แชร์ผ่าน


Dynamic file pruning

Dynamic file pruning, can significantly improve the performance of many queries on Delta Lake tables. Dynamic file pruning triggers for queries that contain filter statements or WHERE clauses. You must use Photon-enabled compute to use dynamic file pruning in MERGE, UPDATE, and DELETE statements. Only SELECT statements leverage dynamic file pruning when Photon is not used.

Dynamic file pruning is especially efficient for non-partitioned tables, or for joins on non-partitioned columns.
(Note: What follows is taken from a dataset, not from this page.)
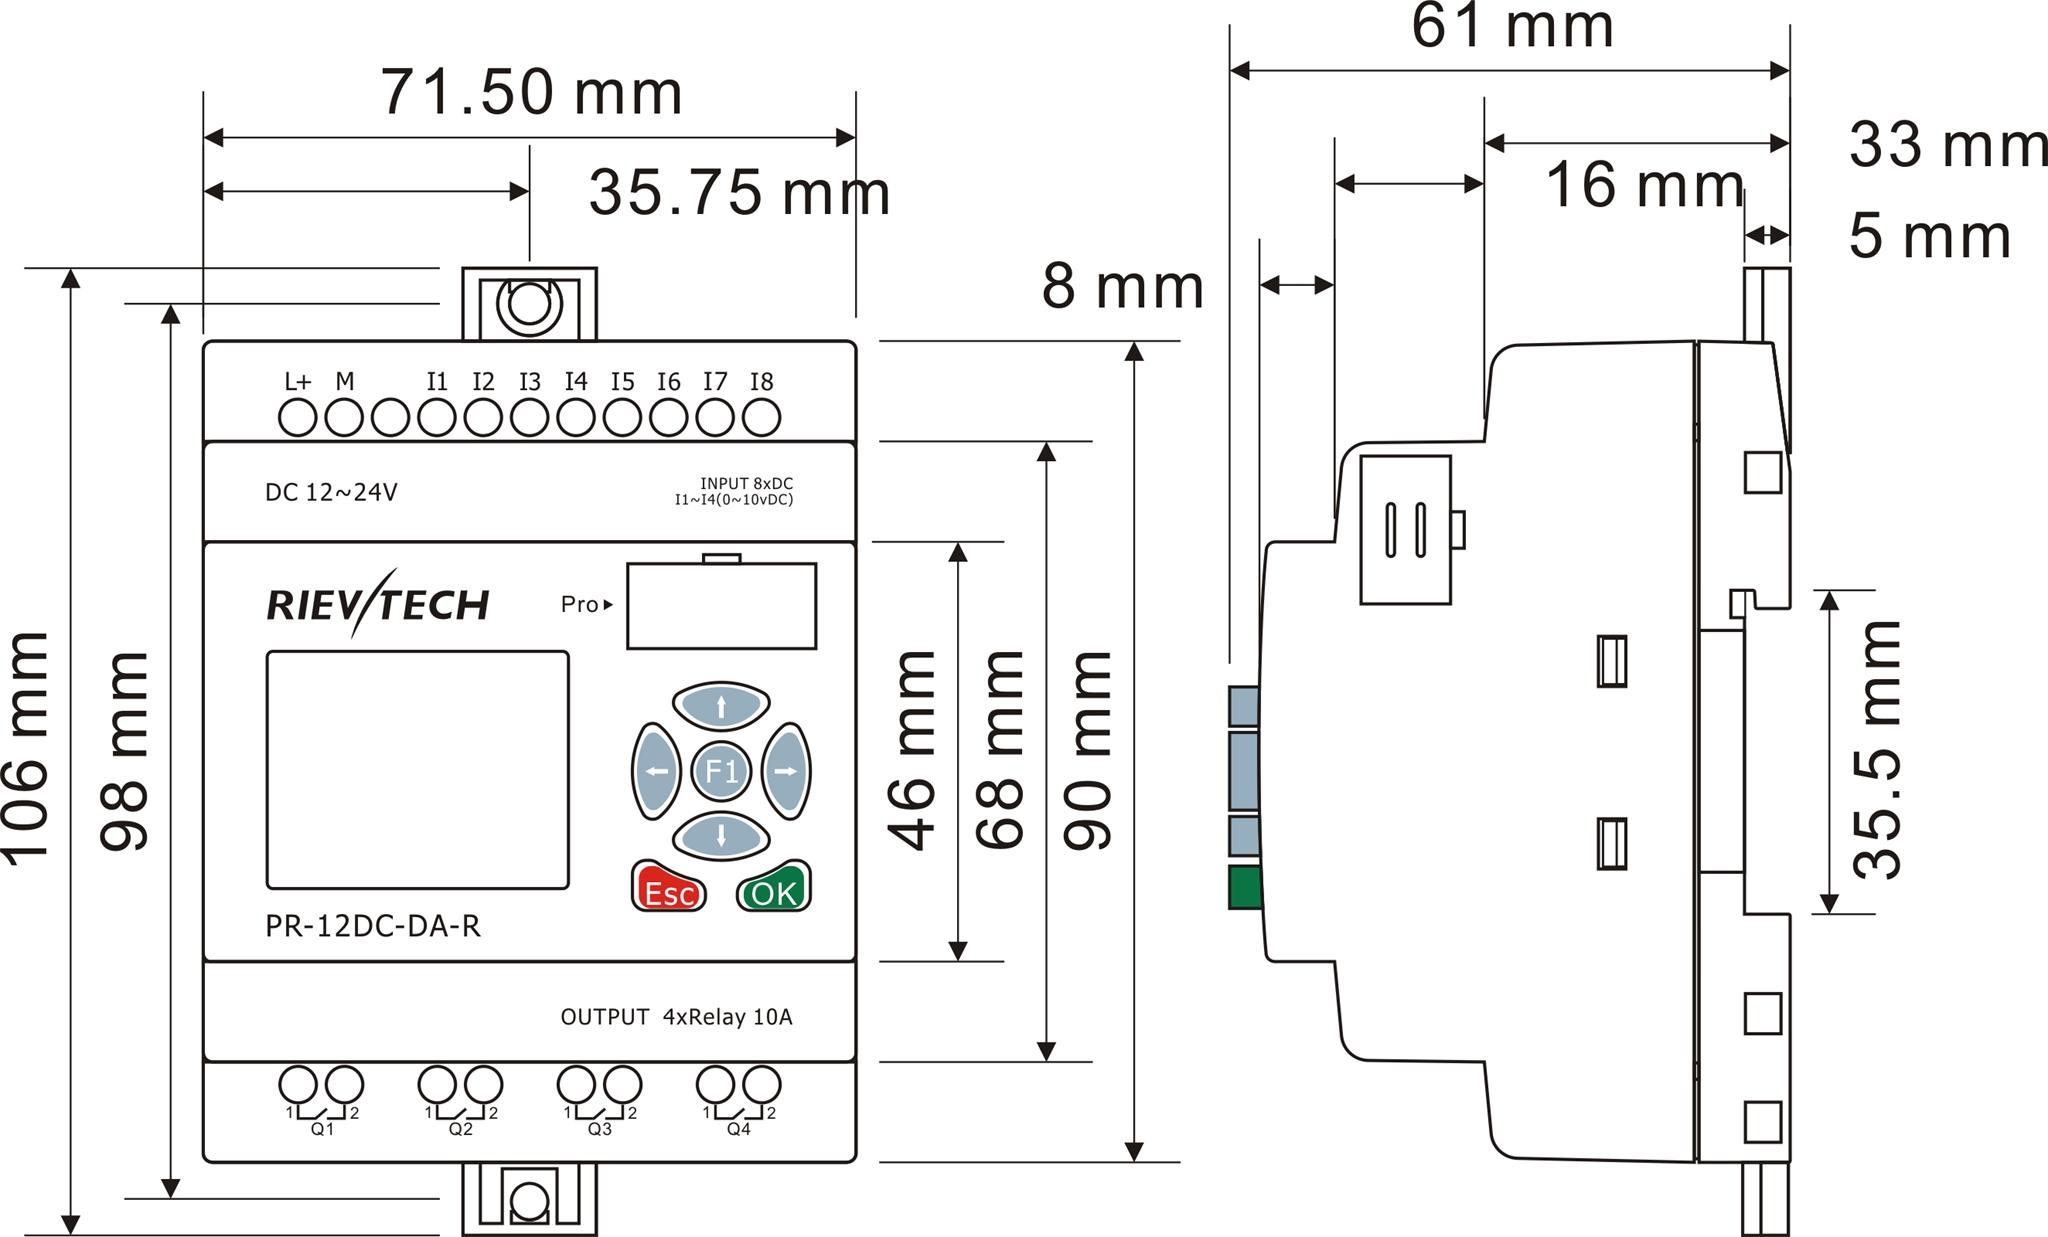 Opacmare Perelle Wiring Diagram Page 5 And Schematics Plc Diagrams Williamson Oil Furnace Source Pr 12dc Da R Micro Siemens Logo Intelligent Controller

The performance impact of dynamic file pruning is often correlated to the clustering of data so consider using Z-Ordering to maximize the benefit.
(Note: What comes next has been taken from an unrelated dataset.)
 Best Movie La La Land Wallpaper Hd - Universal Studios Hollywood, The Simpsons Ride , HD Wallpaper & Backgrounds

For background and use cases for dynamic file pruning, see Faster SQL queries on Delta Lake with dynamic file pruning.

Configuration

Dynamic file pruning is controlled by the following Apache Spark configuration options:

  • spark.databricks.optimizer.dynamicFilePruning (default is true): The main flag that directs the optimizer to push down filters. When set to false, dynamic file pruning will not be in effect.
  • spark.databricks.optimizer.deltaTableSizeThreshold (default is 10,000,000,000 bytes (10 GB)): Represents the minimum size (in bytes) of the Delta table on the probe side of the join required to trigger dynamic file pruning. If the probe side is not very large, it is probably not worthwhile to push down the filters and we can just simply scan the whole table. You can find the size of a Delta table by running the DESCRIBE DETAIL table_name command and then looking at the sizeInBytes column.
  • spark.databricks.optimizer.deltaTableFilesThreshold (default is 10): Represents the number of files of the Delta table on the probe side of the join required to trigger dynamic file pruning. When the probe side table contains fewer files than the threshold value, dynamic file pruning is not triggered. If a table has only a few files, it is probably not worthwhile to enable dynamic file pruning. You can find the size of a Delta table by running the DESCRIBE DETAIL table_name command and then looking at the numFiles column.